SDCs can be transient or random. Transient SDCs can be caused by radiation events like neutrinos or alpha particles. Neutrinos and alpha particles are difficult to predict and even more challenging to stop. Fortunately, they are also rare and do not significantly contribute to SDCs in data centers and most AI systems.

The bigger and more serious source of SDCs are permanent hardware faults resulting from defects in ICs. That’s the focus of this article.

SDCs are quantified in defects per million (DPM) and often exist at the time of fabrication, hence the moniker “time 0 defects.” The vanishingly small feature sizes of advanced ICs can exacerbate the appearance of SDCs, making it impossible to eliminate them.

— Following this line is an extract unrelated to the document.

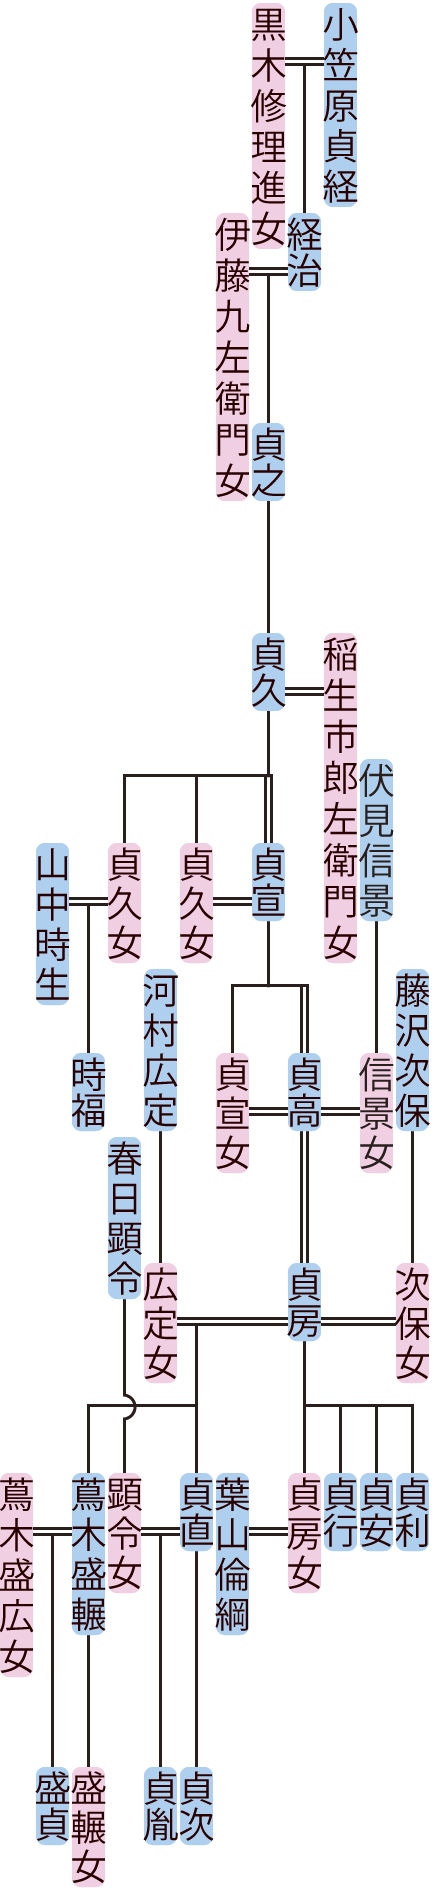 小笠原貞之～貞直の系図

Figure 1. Microscopic defects cause IC nets to deviate from ideal and are one cause of SDC. (Image: Asset)

Especially in a high-performance IC, small defects and marginalities at numerous points in a device can result in inconsistent results. The patterning on ICs like DRAMs, CPUs, and GPUs is not perfect. Even slight irregularities in size, shape, and spacing can result in SDCs. This is sometimes referred to as the “oatmeal” effect (Figure 1).

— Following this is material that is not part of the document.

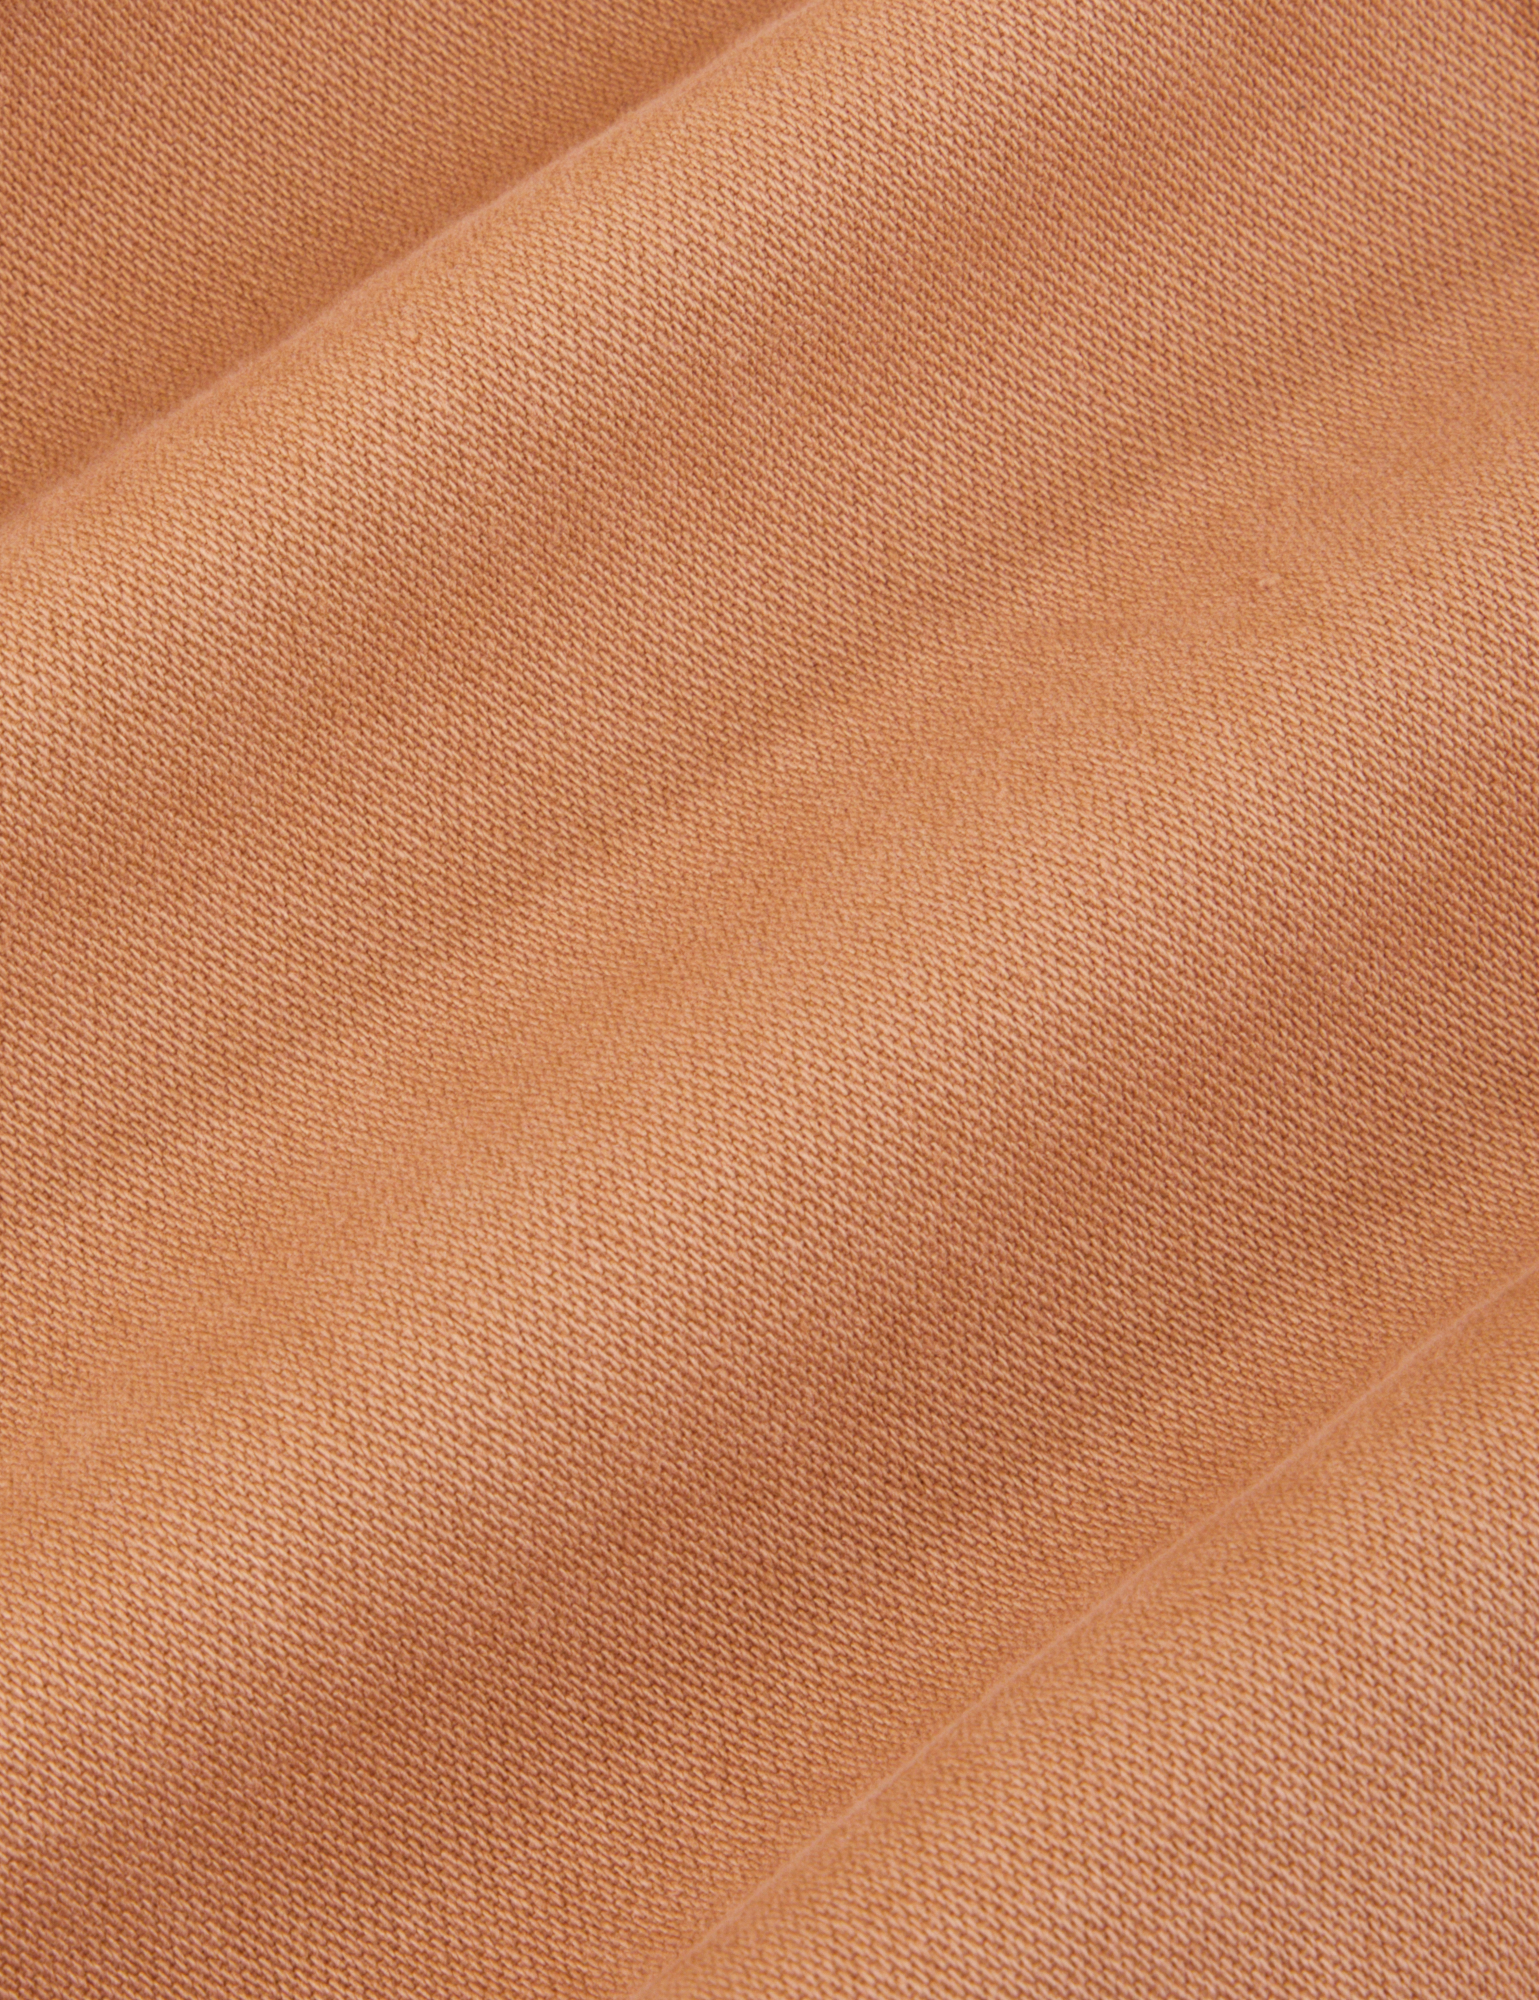 Original Overalls in Tan fabric detail

Of course, the various types of ICs vulnerable to SDCs are not used in isolation; they are parts of larger systems. A recent study utilized performance data from a fleet of cloud data centers to examine the correlation between SDCs in memory and other system components. Some of the findings included (Figure 2):

Figure 2. Heat map showing the correlations between some causes of SDC. (Image: Meta Research)

Memory errors follow a Pareto distribution where a large portion of the effect comes from a small number of sources.
Non-DRAM failures from the memory controller and channel contribute most of the errors.
Newer, higher-density DRAMs have higher failure rates.
DIMMs with fewer chips and lower transfer widths have lower error rates.
CPU and memory utilization rates, CPU% and Memory%, respectively, are correlated with overall server failure rates.

Detection and mitigation

Detection and mitigation of SDCs is challenging once the ICs are installed in systems. Some defects only occur under specific combinations of factors like temperature, voltage, frequency, and instruction sequences.

In one case, it was observed that 1% of servers were responsible for 97.8% of all correctable errors. One way to mitigate the impact of SDCs is to use redundancy and fault-tolerant architectures, where multiple systems or processors verify the results and validate the data.

That can be expensive and slow overall system operation. Another approach is to identify potentially faulty chips before they are integrated into systems.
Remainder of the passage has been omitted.